Великое дело, с малым и необученным войском устоять против бесчисленных врагов... но господь укрепит десницу рабов своих, хотя, по тяжким грехам нашим, мы не достойны, чтоб свершилось над нами сие чудо, и поистине не должны надеяться... но милосердие всевышнего неистощимо. Пусть будет так: мы победим ненавистных ляхов; рассеем, как прах земной, их несметные ополчения; очистим Москву и, несмотря на то, останемся по-прежнему без главы, и вящее тогда постигнет нас бедствие. Каждый знаменитый боярин и воевода пожелает быть царем русским; начнутся крамолы, восстанут новые самозванцы, пуще прежнего польется кровь христианская, и отечество наше, обессиленное междоусобием, не могущее противустать сильному врагу, погибнет навеки; и царствующий град, подобно святому граду Киеву, соделается достоянием иноверцев и отчиною короля свейского или врага нашего, Сигизмунда, который теперь предлагает нам сына своего в законные государи, а тогда пришлет на воеводство одного из рабов своих. Помыслите, сограждане! что станется тогда с верою православною? что станется со всеми нами, когда и имя царства Русского изгладится из памяти людской?.. Я все сказал: судите слова мои, бояре и сановники нижегородские!
– Боярин Андрей Никитич Туренин!
– сказал с низким поклоном дьяк Семен Самсонов, - в речах твоих много разума, хотя ты напрасно возвеличил могущество врагов наших. Нам известно бессилие ляхов; они сильны одним несогласием нашим; но ты изрек истину, говоря о междоусобиях и крамолах, могущих возникнуть между бояр и знаменитых воевод, а посему я мыслю так: нижегородцам не присягать Владиславу, но и не ходить к Москве, а сбирать войско, дабы дать отпор, если ляхи замыслят нас покорить силою; Гонсевскому же объявить, что мы не станем целовать креста королевичу польскому, пока он не прибудет сам в царствующий град, не крестится в веру православную и не утвердит своим царским словом и клятвенным обещанием договорной грамоты, подписанной боярскою думой и гетманом Жолкевским.

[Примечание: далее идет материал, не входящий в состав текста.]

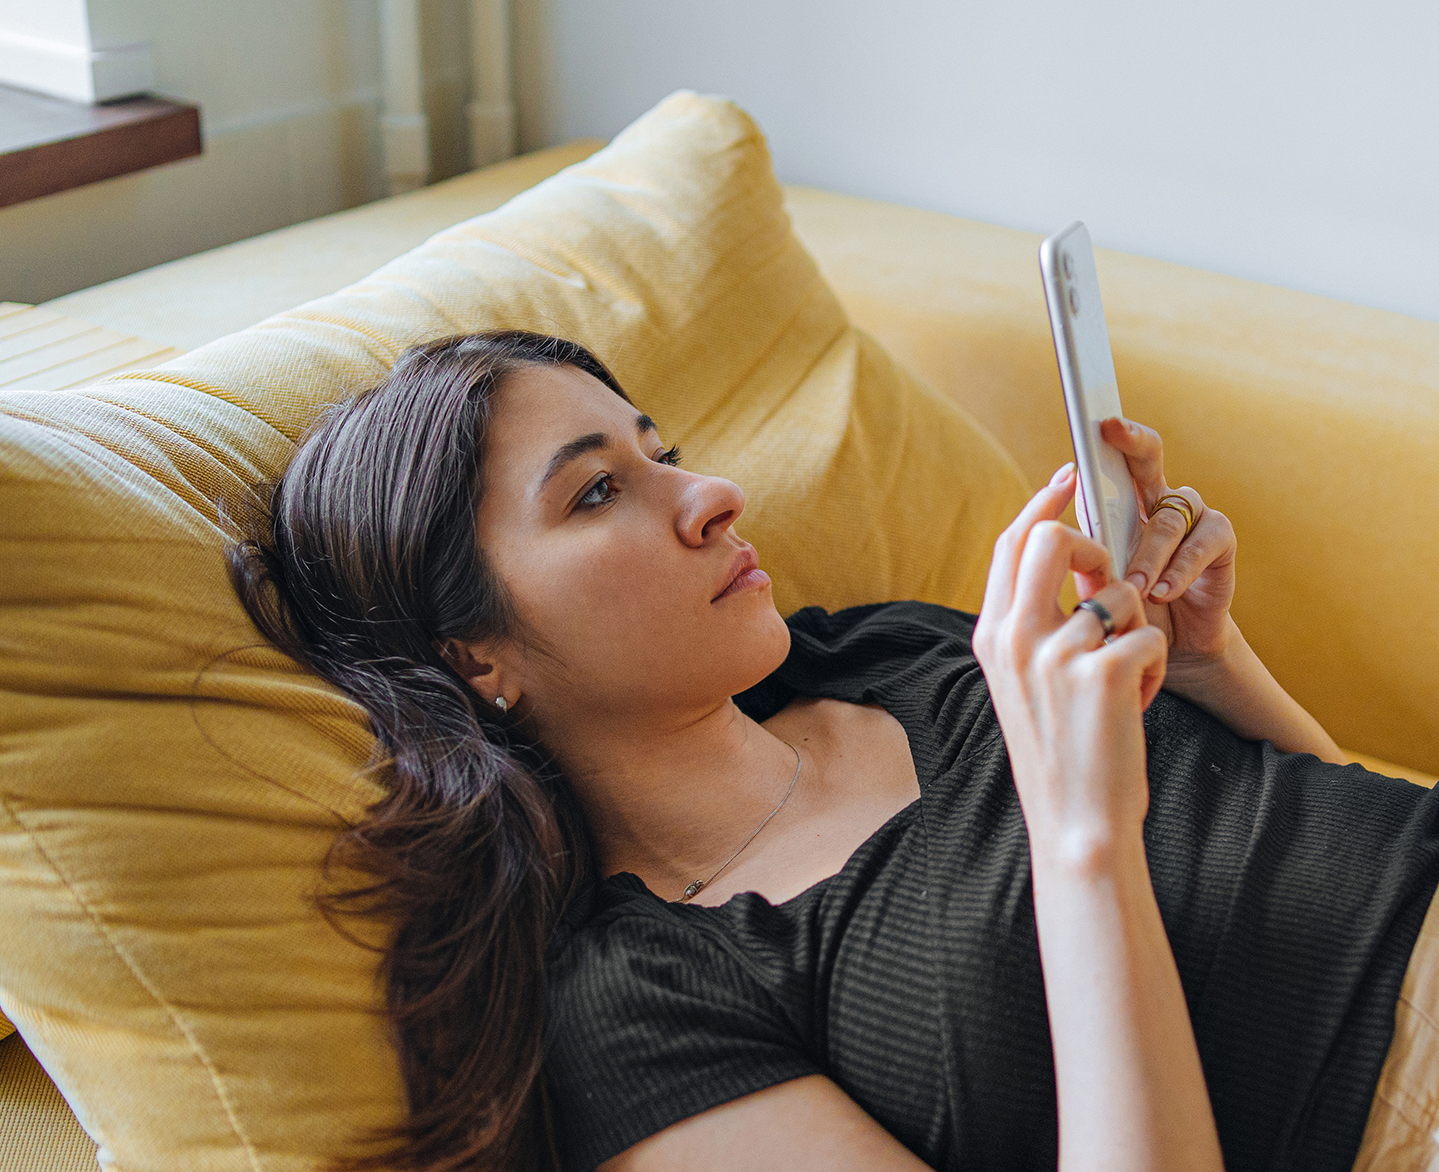 Woman scheduling appointment for UTI treatment online on her mobile phone while lying on couch

– Я мыслю то же самое, - сказал боярин Мансуров.
– Безвременная поспешность может усугубить бедствия отечества нашего. Мой ответ пану Гонсевскому не ждать от нас покорности, доколе не будет исполнено нее, что обещано именем Владислава в договорной грамоте; а нам ожидать ответа и к Москве не ходить, пока не получим верного известия, что король Сигизмунд изменил своему слову.
– Мы согласны во всем с боярином Мансуровым, - сказали воеводы Михаил Самсонович Дмитриев и стольник Левашев.
– И мы также!
– вскричали все дворяне московских полков.
Князь Черкасский вскочил с своего места.
– Как!
– сказал он, бледнея от гнева и досады, - вы согласны признать Владислава царем русским?
– Да, если он сдержит свое обещание, - отвечал спокойно Мансуров.
– Признать своим владыкою неверного поляка!
– перервал Образцов.
– Он отречется от своей ереси, - возразил дьяк Самсонов.
– Кто нейдет к Москве, тот изменник и предатель!
– вскричал Черкасский.
– Изменник и предатель!
– повторил Барай-Мурза.
– Князь Димитрий!
– сказал Мансуров, - и ты, Мурза Алеевич Кутумов! не забывайте, что вы здесь не на городской площади, а в совете сановников нижегородских. Я люблю святую Русь не менее вас; но вы ненавидите одних поляков, а я ненавижу еще более крамолы, междоусобие и бесполезное кровопролитие, противные господу и пагубные для нашего отечества. Если ж надобно будет сражаться, вы увидите тогда, умеет ли боярин Мансуров владеть мечом и умирать за веру православную.